Chapter 27 will revisit some of the examples studied in this chapter, but apply tools to further characterize the distribution \(p(X,t)\) with partial differential equations. There are still more mathematics to investigate, so onward!

26.4 Exercises

Exercise 26.1 Simulate the stochastic process \(dX = 2 \; dW(t)\) with the following values:

  • \(D = 1\)
  • \(\Delta t= 0.05\)
  • Timesteps: 200
  • Initial condition: \(X(0)=1\).
  • Set the number of simulations to be 100.

Generate a spaghetti plot and ensemble average of your simluation results.

Exercise 26.2 Return to the simulation of the logistic differential equation in this chapter. To generate Figure 26.6 we set \(D = 1\). What happens to the resulting ensemble average plots when \(D =0, \; 0.01, \; 0.1, \; 1, \; 10\)? You may use the following values:

  • Set the number of simulations to be 100.
  • Initial condition: \(x(0)=3\)
  • Parameters: \(r=0.8\), \(K=100\).
  • \(\Delta t = 0.05\) for 200 time steps.

Exercise 26.3 For the logistic differential equation consider the following splitting of \(\alpha(x)\) and \(\delta(x)\) as a birth-death process:

\[\begin{equation} \begin{split} \alpha(x) &= rx - \frac{rx^{2}}{2K} \\ \delta(x) &= \frac{rx^{2}}{2K} \end{split} \end{equation}\]

Simulate this SDE with the following values:

  • Initial condition: \(x(0)=3\)
  • Parameters: \(r=0.8\), \(K=100\).
  • \(\Delta t = 0.05\) for 200 time steps.
  • \(D=1\).

Generate an ensemble average plot. How does this SDE compare to Figure 26.6?

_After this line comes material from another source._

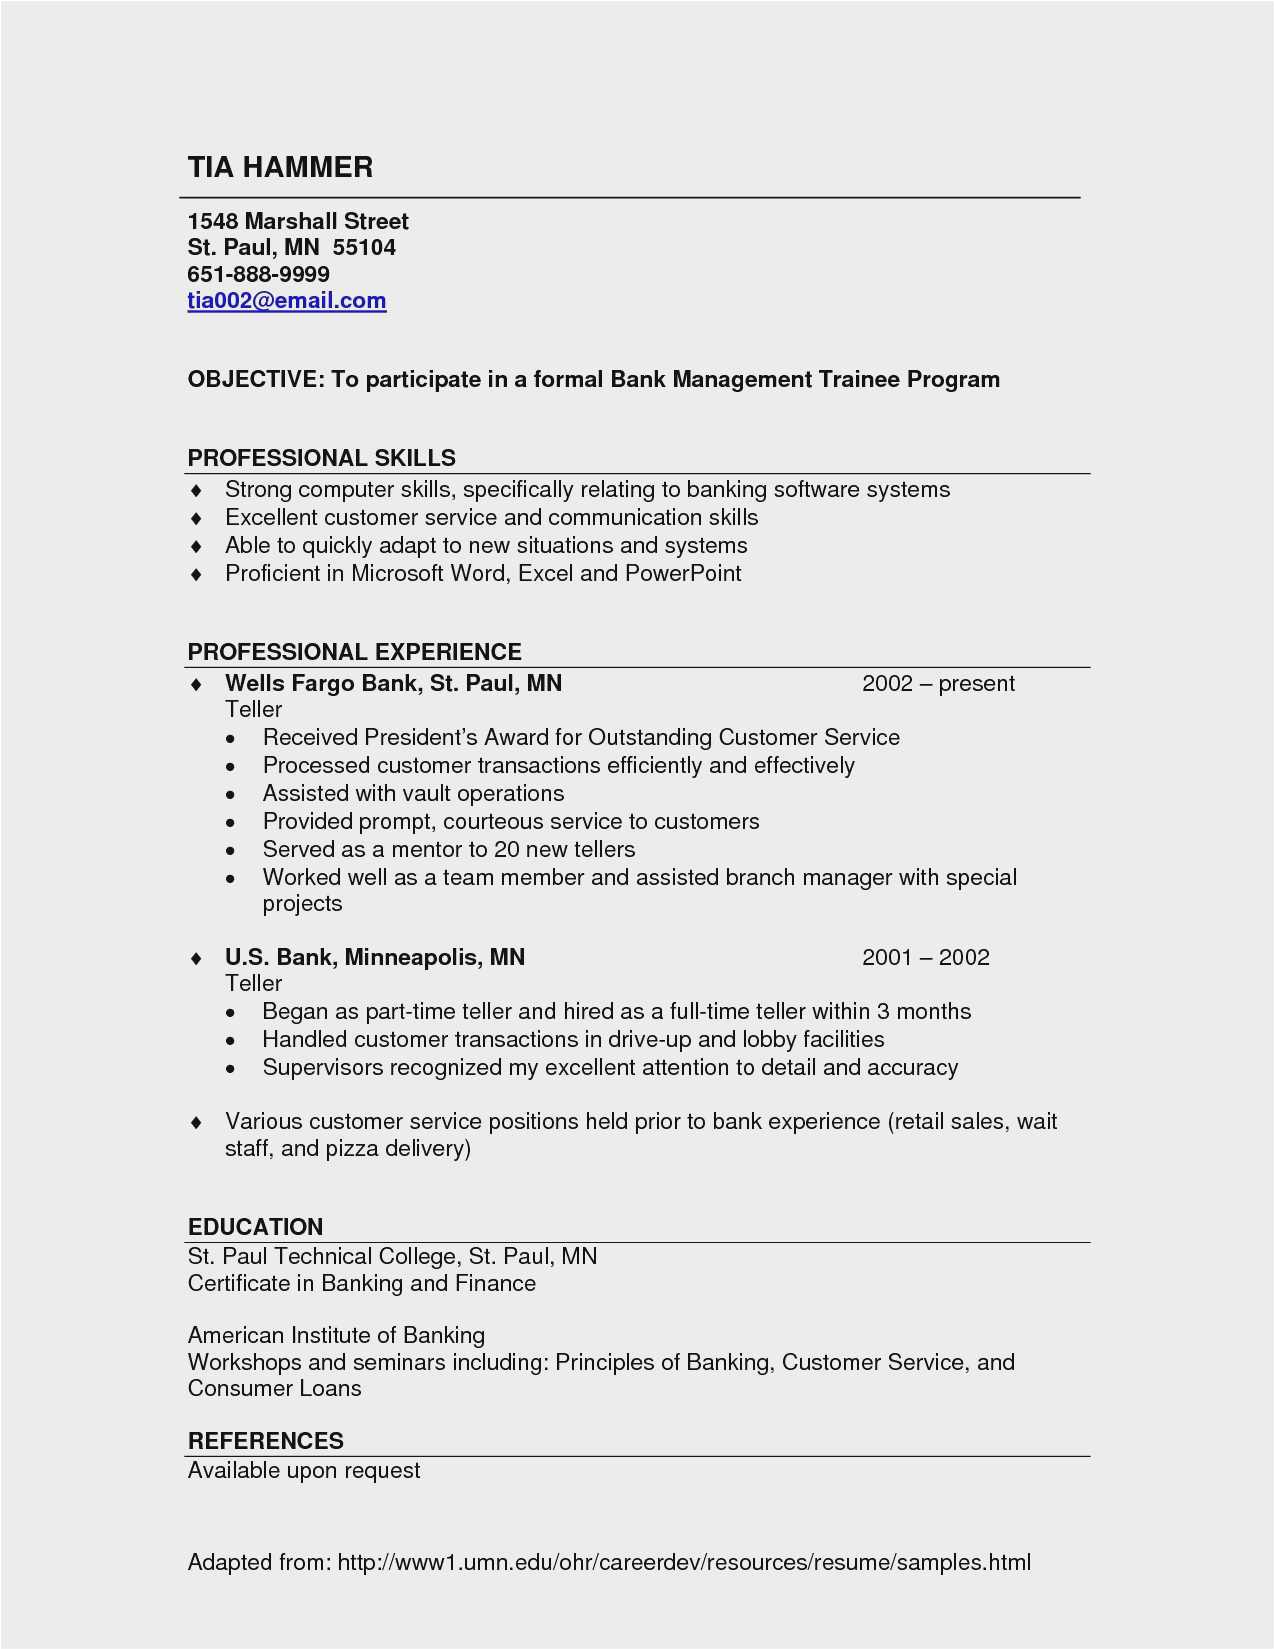 Sample Of Professional Skills In Resume Download 57 Resume Skills List Sample

Exercise 26.4 Let \(S(t)\) denote the cumulative snowfall at a location at time \(t\), which we will assume to be a random process. Assume that probability of the change in the cumulative amount of snow from day \(t\) to day \(t+\Delta t\) is the following:

change probability
\(\Delta S = \sigma\) \(\lambda \Delta t\)
\(\Delta S = 0\) \(1- \lambda \Delta t\)

The parameter \(\lambda\) represents the frequency of snowfall and \(\sigma\) the amount of the snowfall in inches. For example, during January in Minneapolis, Minnesota, the probability \(\lambda\) of it snowing 4 inches or more is 0.016, with \(\sigma=4\). (This assumes a Poisson process with rate = 0.5/31, according to the Minnesota DNR.). The stochastic differential equation generated by this process is \(dS = \lambda \sigma \; dt + \sqrt{\lambda \sigma^{2}} \; dW(t) = .064 \; dt + .506 \; dW(t)\)$ .

  1. With this information, what is \(E[\Delta S]\) and the variance of \(\Delta S\)?
  2. Simulate and summarize this stochastic process. Use \(S(0)=0\) and run 500 simulations of this stochastic process. Simulate this process for a month, using \(\Delta t = 0.1\) for 300 timesteps and with \(D=1\). Show the resulting spaghetti plot and interpret your results.

Exercise 26.5 Consider the stochastic differential equation \(\displaystyle dS = \left( 1 - S \right) \; dt + \sigma \; dW(t)\), where \(\sigma\) controls the amount of stochastic noise. For this stochastic differential equation what is \(E[S]\) and Var\((S)\)?

Exercise 26.6 Consider the equation

\[\begin{equation*} \Delta x = \alpha(x) \; \Delta t - \delta(x) \; \Delta t \end{equation*}\]

If we consider \(\Delta x\) to be a random variable, show that the expected value \(\mu\) equals \(\alpha(x) \; \Delta t - \delta(x) \; \Delta t\) and the variance \(\sigma^{2}\), to first order, equals \(\alpha(x) \; \Delta t + \delta(x) \; \Delta t\).

References

Logan, J. David, and William Wolesensky. 2009. Mathematical Methods in Biology. 1st ed. Hoboken, N.J: Wiley.